Et, selon cette mère de famille, "rien ne justifie la diabolisation du RN.
A Lille, Domitille, qui n'a pas non plus souhaité donner son patronyme, en appelle à la "convergence" et "l'unité", en reconnaissant que "ça n'est pas (sa) première manifestation".
Manteau de fourrure blanc et bottes en cuir, la quinquagénaire manifeste seule, drapeau français marqué d'une croix de Lorraine en main. "Quel que soit notre parti ou nos idées politiques, qu'on soit de gauche, ou de droite, il faut dire non à ce qu'on veut nous imposer", explique celle qui a voté Le Pen à la présidentielle et qui se dit "contre cette réforme" et, "plus globalement, contre tout ce gouvernement".
- "Au-delà des partis" -
Mardi, Marine Le Pen a assuré se "réjouir" et "soutenir" la "mobilisation qui s'exprime", tout en jugeant "naturel que les élus du RN s'opposent à l'Assemblée nationale" et non dans la rue.
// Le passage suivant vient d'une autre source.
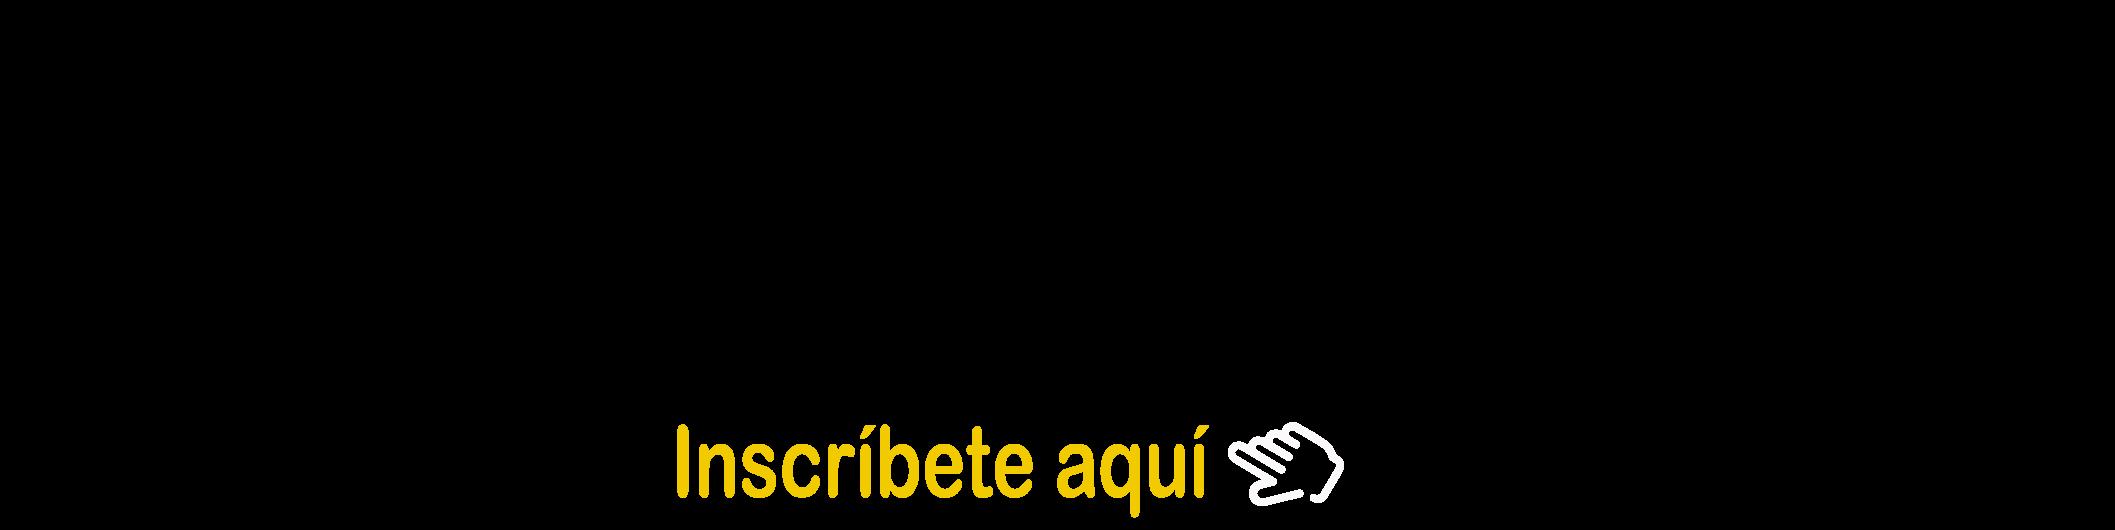 dibujoinfantil_2020_inscribete_click.png

Où ils pourraient rencontrer une forme d'hostilité, le patron de la CGT Philippe Martinez leur recommandant "vigoureusement de ne pas venir" car ils "n'étaient pas les bienvenus".
Reste que la forte impopularité du projet de réforme et le succès des deux journées de mobilisation interroge certains cadres du parti sur la doctrine fixée il y a un mois, inquiets de se faire chiper le titre de premier opposant par les troupes de gauche.
A Dunkerque, le conseiller municipal et régional RN Adrien Nave défilait pour la deuxième fois en quinze jours, drapeau français en main, entouré d'une quinzaine de militants.
Certes, ce pompier volontaire de 31 ans reconnaît que Marine Le Pen ne "voulait pas s'associer aux centrales syndicales qui appellent à manifester alors qu'elles ont fait élire Emmanuel Macron". Mais "ça ne (lui) pose pas de problème, dans le sens ou il y a énormément de personnes qui sont syndiquées qui n'ont pas voté Emmanuel Macron et qui manifestent à raison et avec conviction car ils pensent que c'est une réforme injuste".
Le même appelle à ce que la contestation aille "au-delà des partis": "A un moment donné, il faut faire preuve d'intelligence et montrer une unité face à cette réforme".